My name is Chaim Stein, and I'm the inventor of the SureSight.

Mr. Yeager has not yet had any direct experience with my sight, and he was basing his assessment entirely on speculation. I offered him a set free of charge for his evaluation, but he never responded.

For those interested in reading reviews of my sight by people who've actually used them, check out this thread over at Glocktalk:

Below is my entire response Mr. Yeager's above-quoted post, taken from the same thread as Mr. Yeager's post:

Mr. Yeager,

You seem to be basing your analysis of my sights on the mistaken assumption that because the Steyr sights contain a triangle, and my sights form a triangle, they are the same concept. This is false, in the same way that asserting that a Dodge Viper is a “knock off” of a Ford Model T, since they both have round wheels.
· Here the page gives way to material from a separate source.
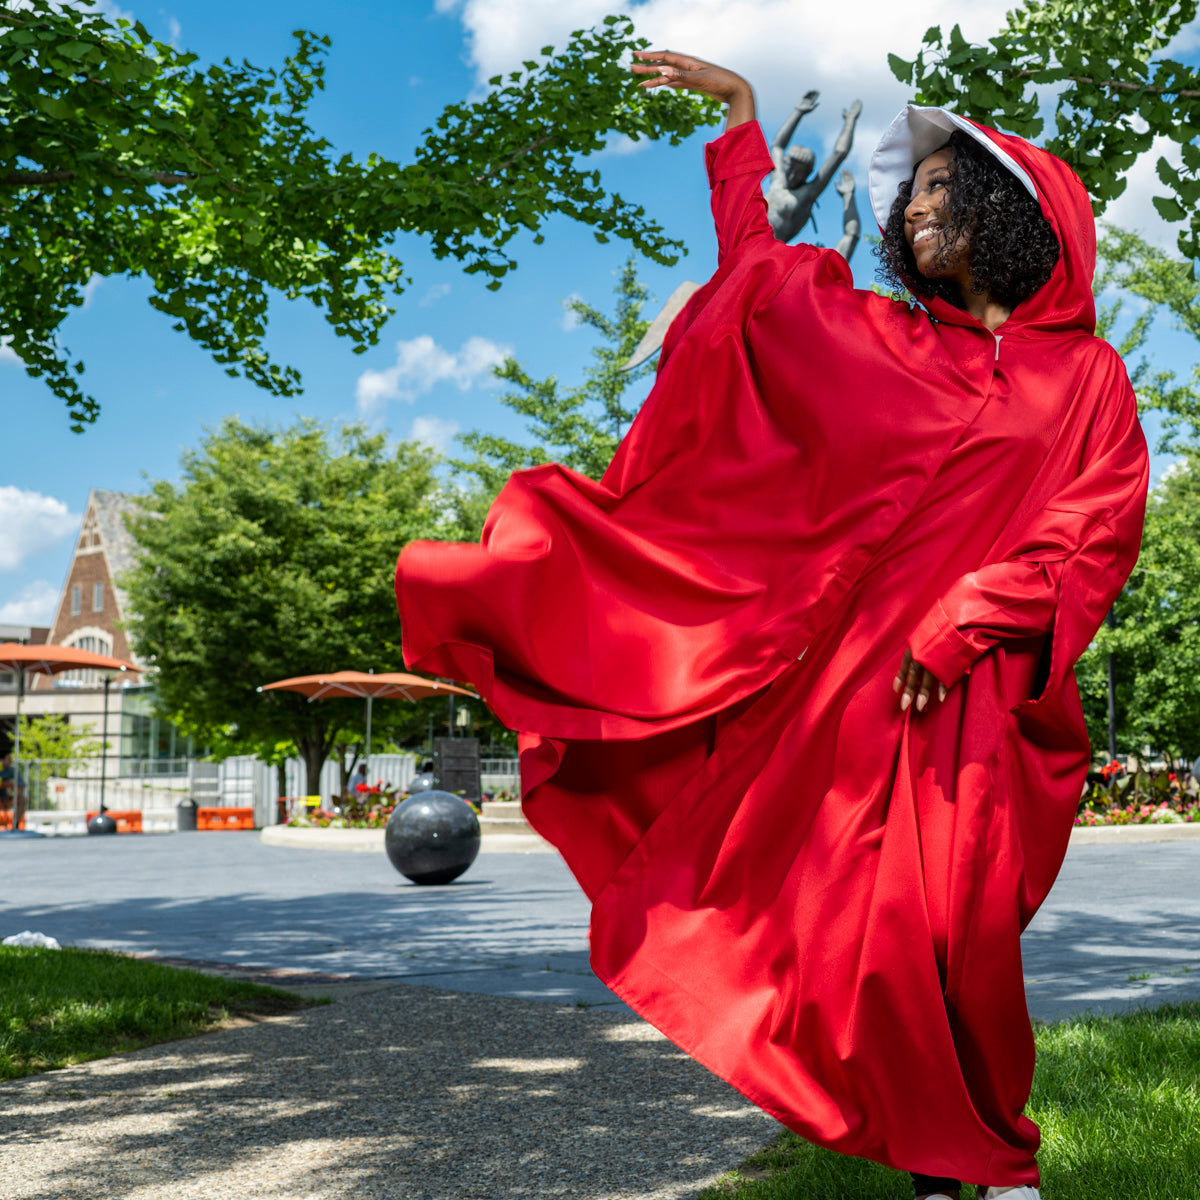 The Handmaid's Tale Red Cloak and White Hat Costume Dance pose

In point of fact, SureSight functions completely differently from Steyr’s triangle/trapezoid sights, and the experience of aiming with one is not at all similar to the Steyr sights. While they both use triangles, the Steyr sights are aligned in precisely the same manner as notch and post sights. It's just that the sides of the rear notch are turned in at about a 45 degree angle. This leads to many of the shortcomings you explained, but your assessment does not apply to SureSight.

With SureSight, alignment occurs vertically, with the front pentagonal shape visually “stacked” atop the rear sight. The end result is that when the sights are aligned, a triangle is formed, with the tip of the triangle being point of impact.

Some of the advantages of this setup include:

* A simplified flash sight picture whereby the rear sight is not emphasized at all.

* A much larger, more visible, faster and easier-to-acquire front sight. (By far the largest of any front sight on the market)

* Increased speed of sight acquisition and better sight visibility during both the arc of recoil and while shooting on the move.

* More easily seen for bifocal wearers and those with "older eyes".

* A more intuitive sight alignment. People are hard-wired to complete shapes, as in turning the front and rear sight shapes of SureSight into a triangle. This phenomenon is known as the Gestalt Principle of Closure. (see for details and diagrams—it may not be up yet, but will be shortly. We’re currently re-working our website. If it's still not up, you can see a quick description HERE) If you have normal brain function, you were born with the ability to do this.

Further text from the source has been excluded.